● What is needed
Repeat only what runs from the line with "GraphicRiver Swirlush vector patterns 34569" through the last line of the data below, both included, keeping every word as it is and leaving out the pictures.

Start of Information supplied

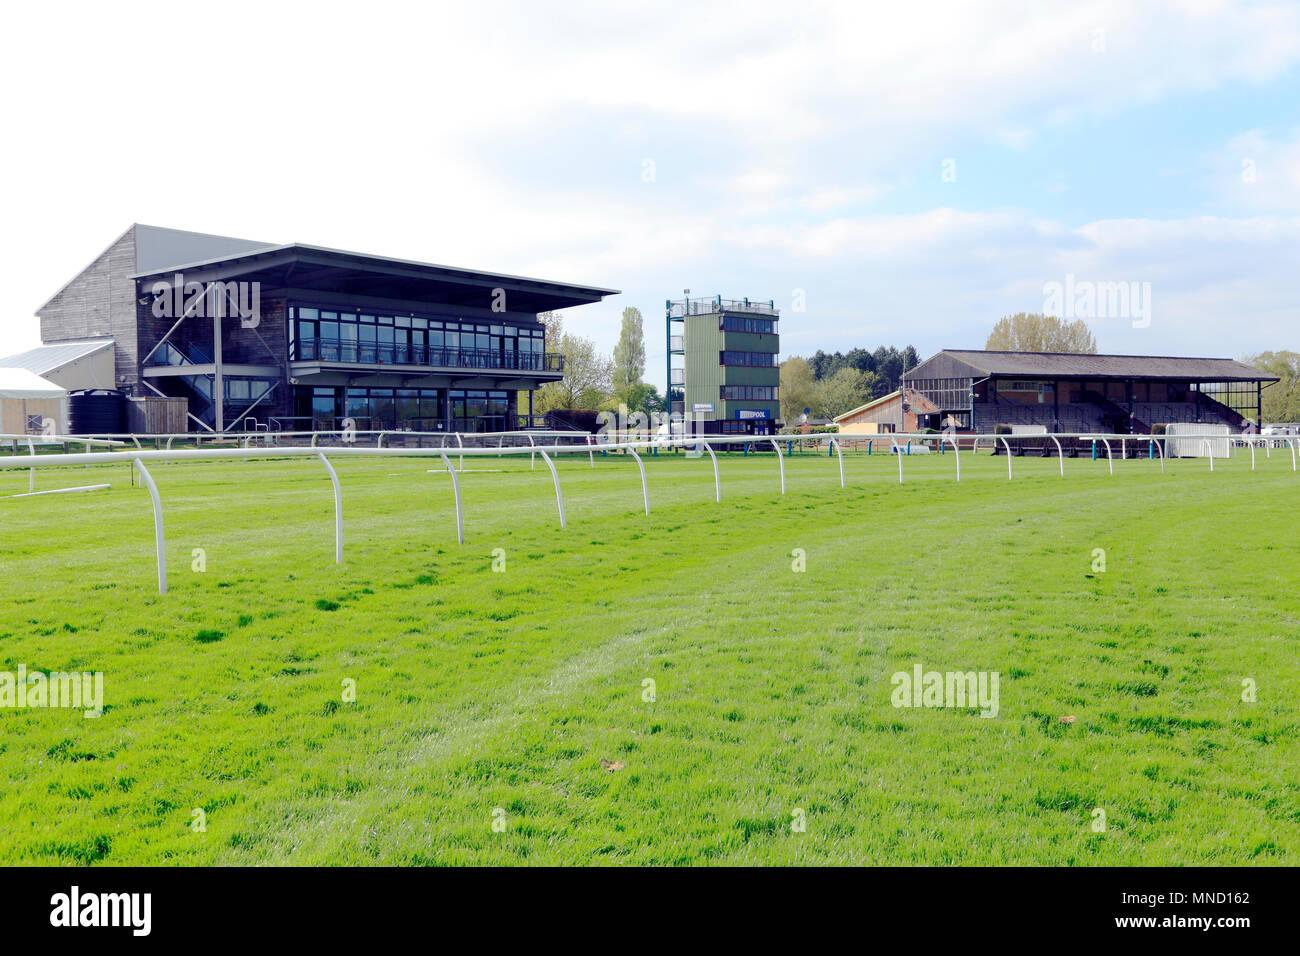 Fakenham Race Course, horse racing, track, tracks, main grandstand and Totepool, Norfolk, England, UK - Stock Image
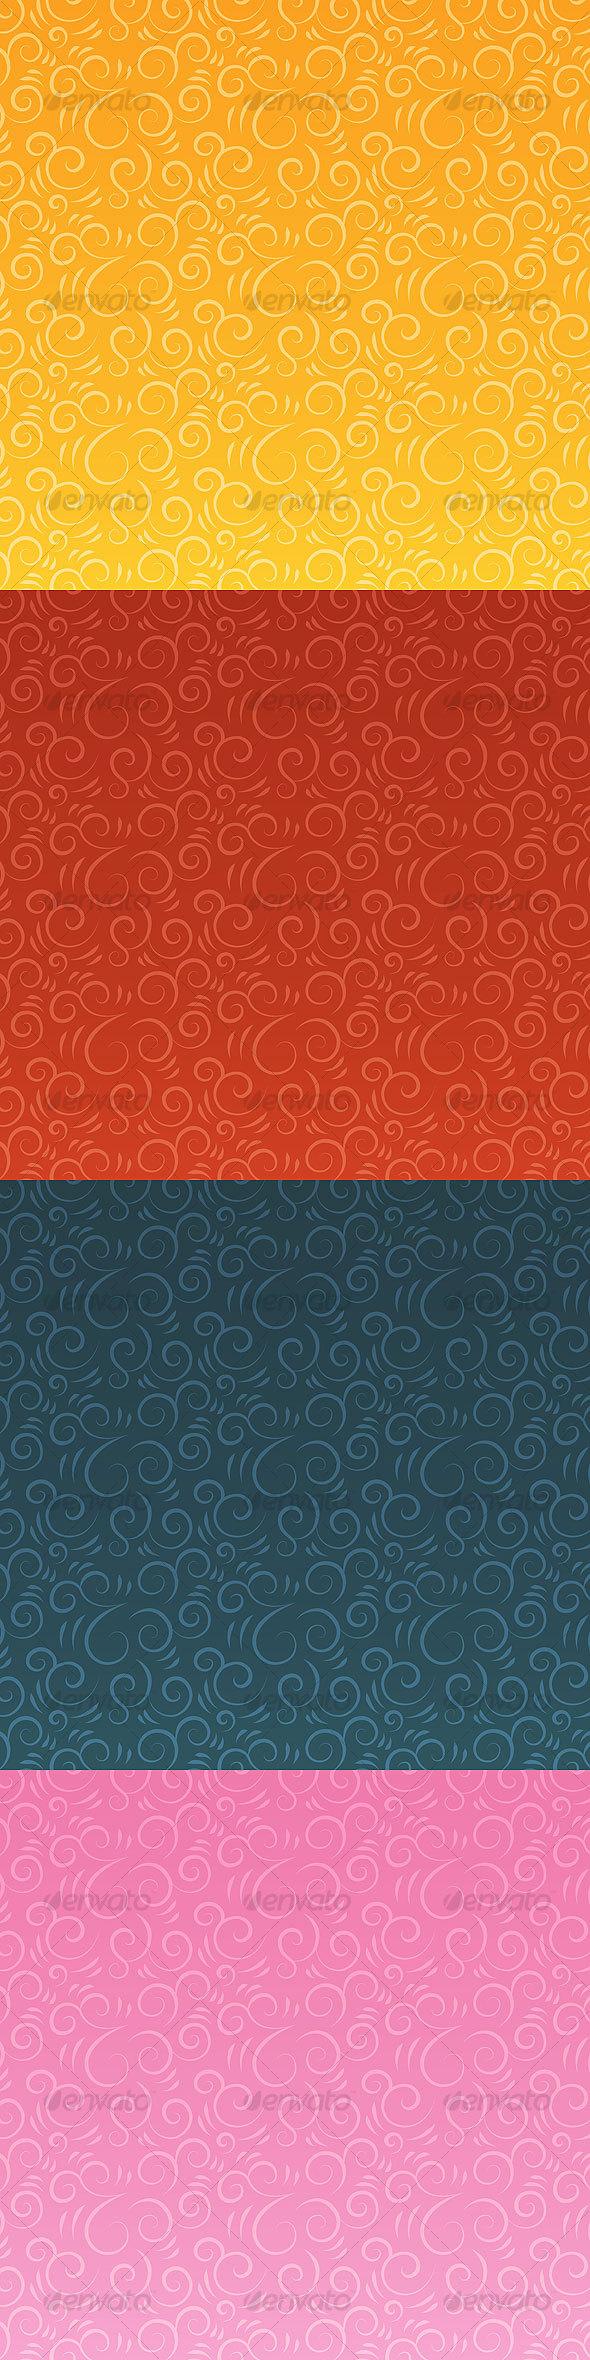 GraphicRiver Swirlush vector patterns 34569
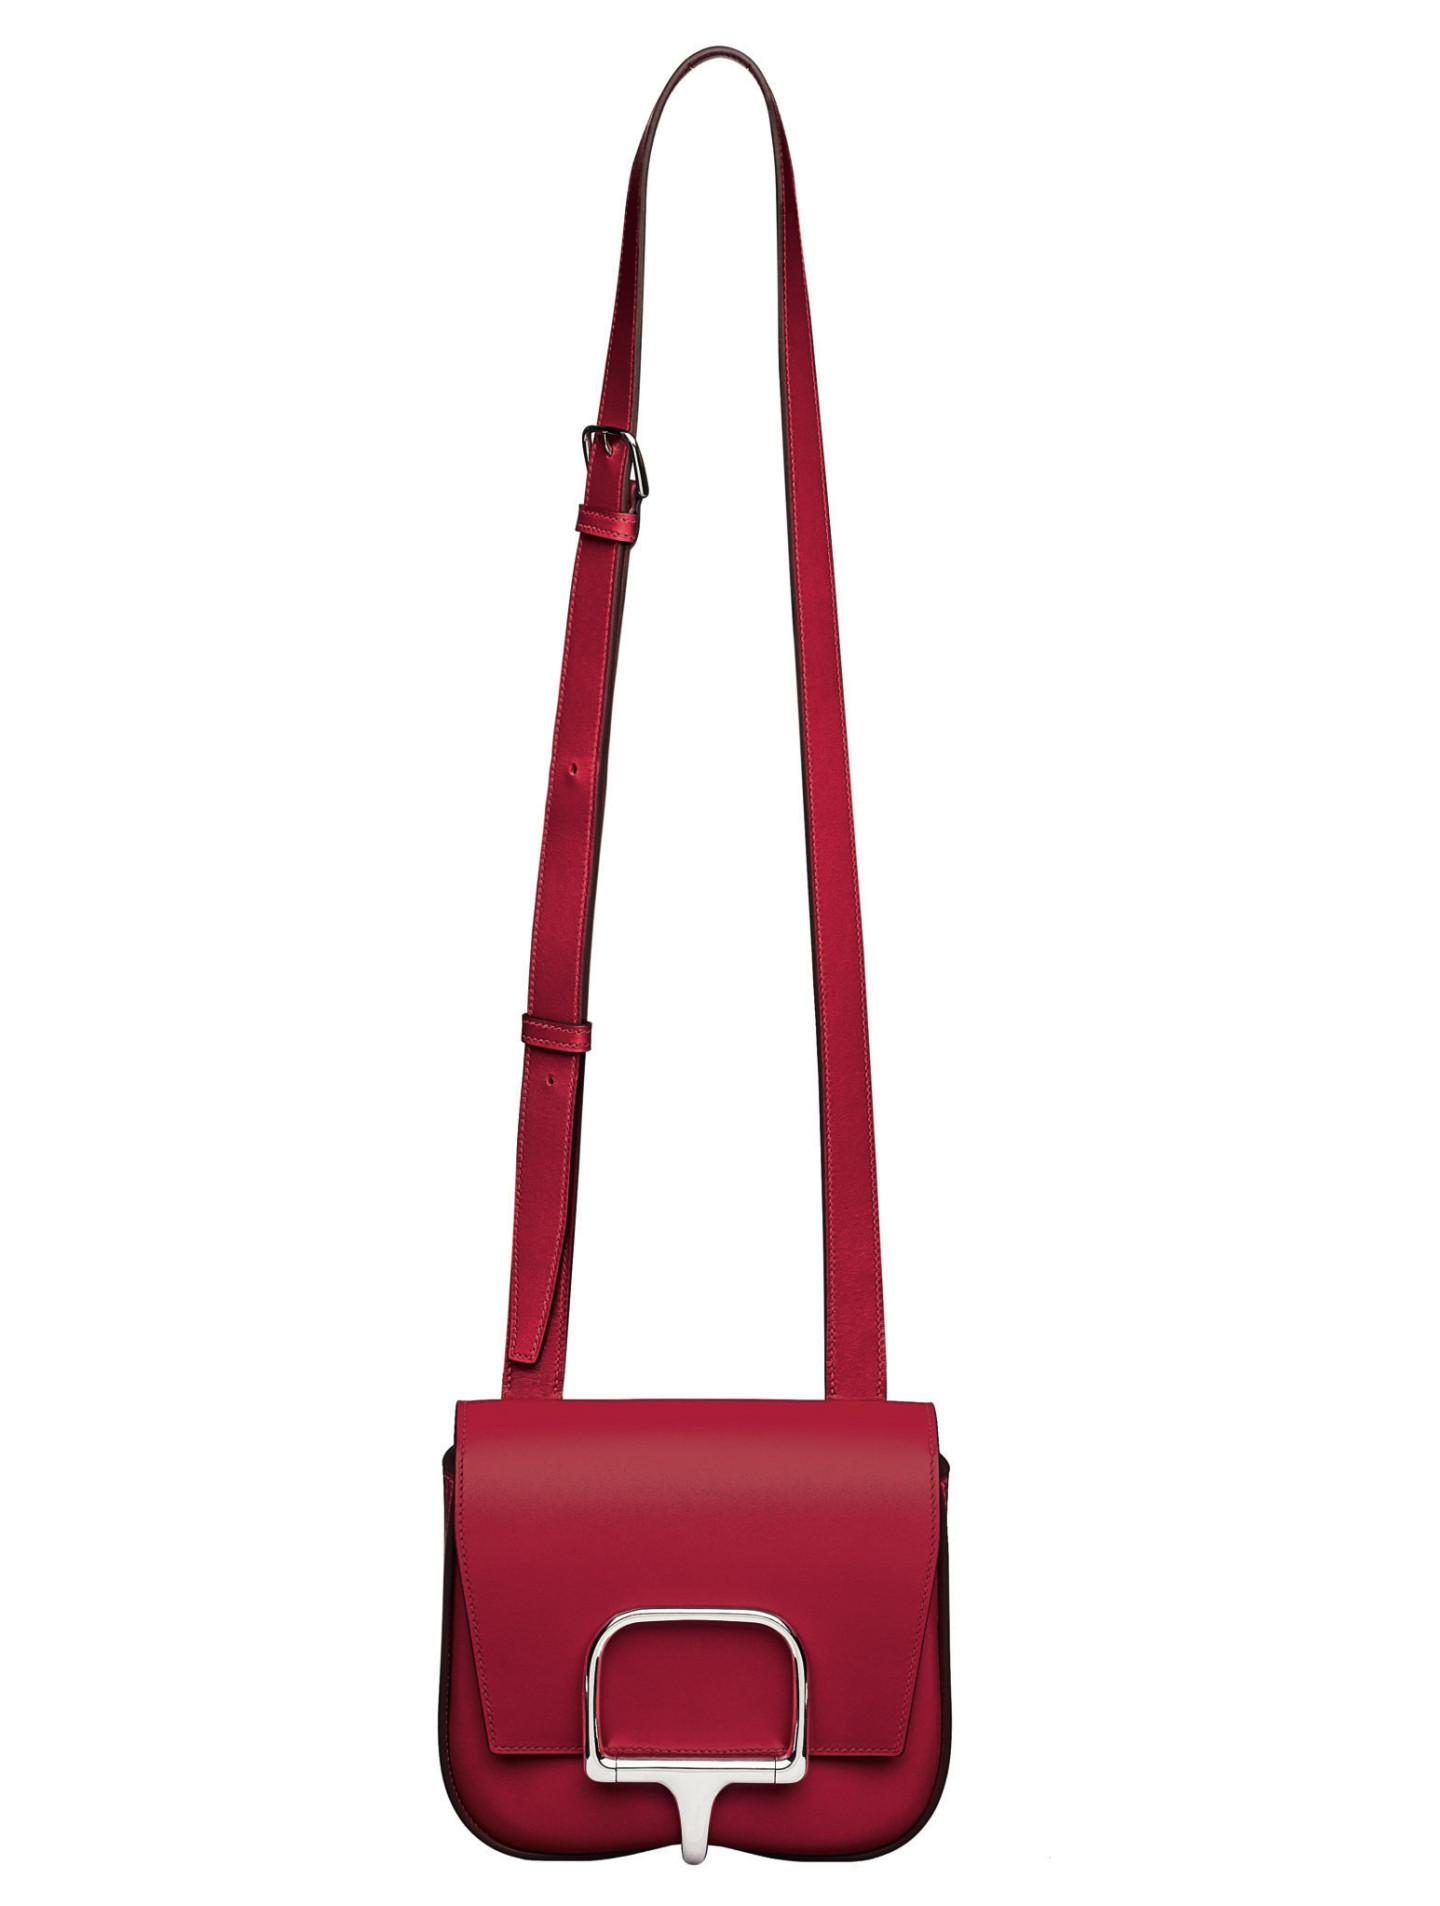 Hermès Della Cavalleria, цена по запросу (Hermès)

End of Information supplied

● Solution
 GraphicRiver Swirlush vector patterns 34569
 Hermès Della Cavalleria, цена по запросу (Hermès)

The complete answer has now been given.